Hi everyone,

I'm still stuck with my problem about remainings indel in my assembly (see this post for further informations : C: [PacBio assembly] Remaining indels after polishing )

I'm trying to understand my problem. To do so, instead of aligning RNA-seq reads (Illumina), I've tried to align DNA reads (still illumina, paired) against my PacBio assembly, to have more data more evenly distributed.
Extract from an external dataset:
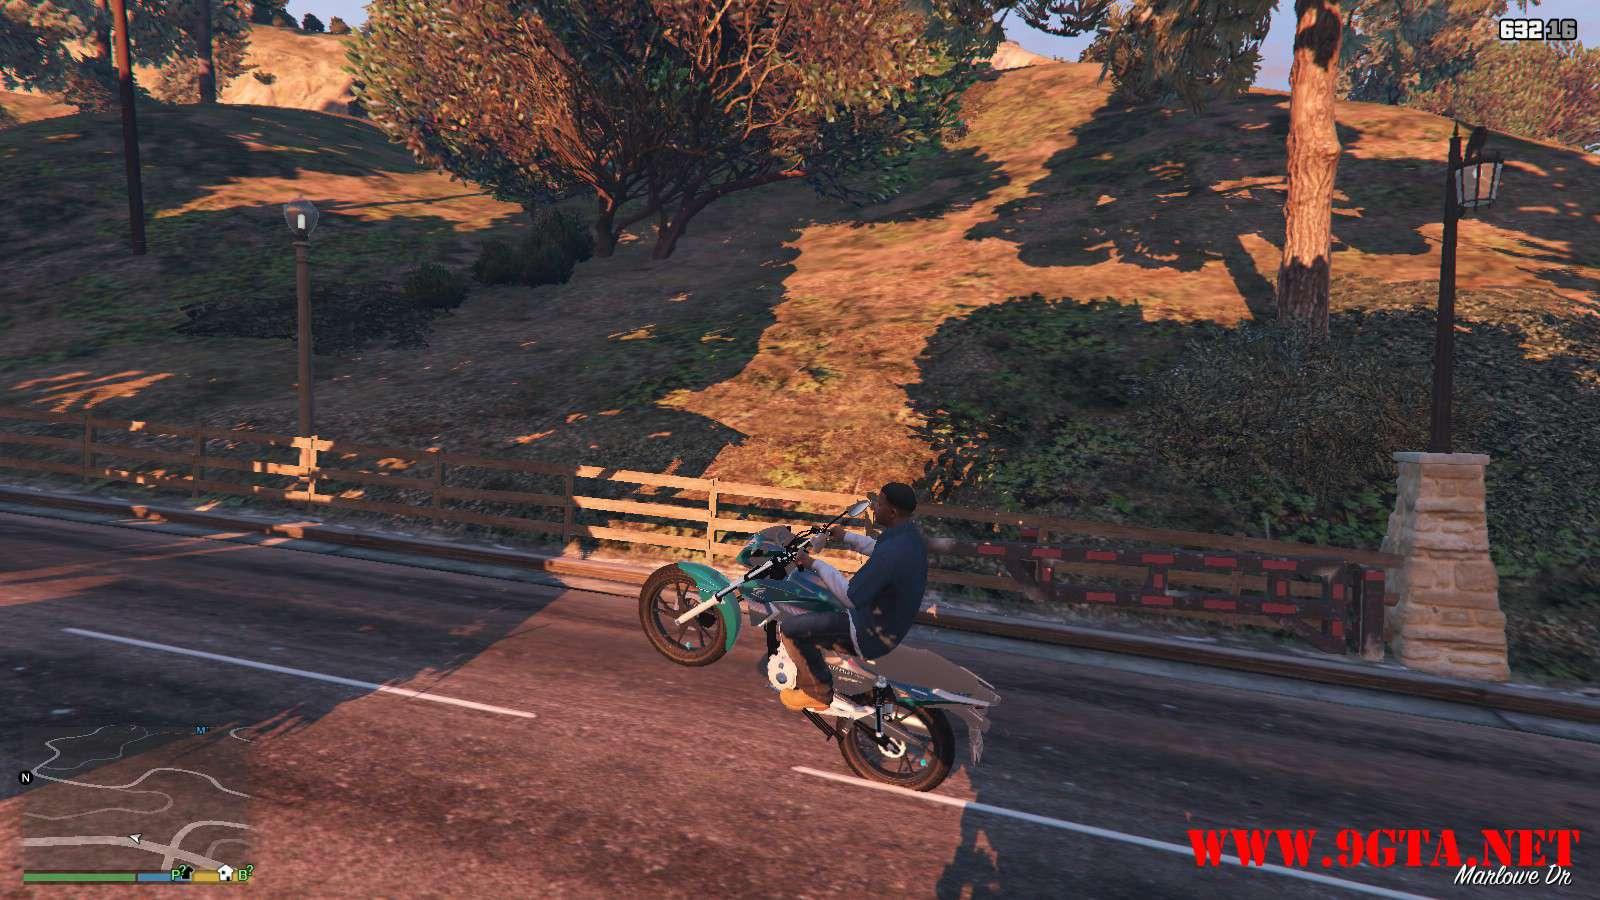 2016 Titan 160 Motocycle GTA5 Mods (14)

With two bam file (RNA seq and DNA reads alignement VS PacBio assembly) and my genome, I was checking some regions using IGV.

Indels are unevenly distributed along the genome, they seem to be clustered in some very particular regions, sometimes in introns, sometimes in exons, but they are most likely to appear in very polymorphic regions. Interestingly, theses regions (high indels, high polymorphism) show small coverage drops of Illumina reads. I don't really know how to interpret theses drops and I need some enlightenments. My guess is that, as the sequence from my assembly is very different, the aligner (hisat2 in my case) couldn't align a lot of reads, and the coverage decrease. Not really sure about my conclusions though.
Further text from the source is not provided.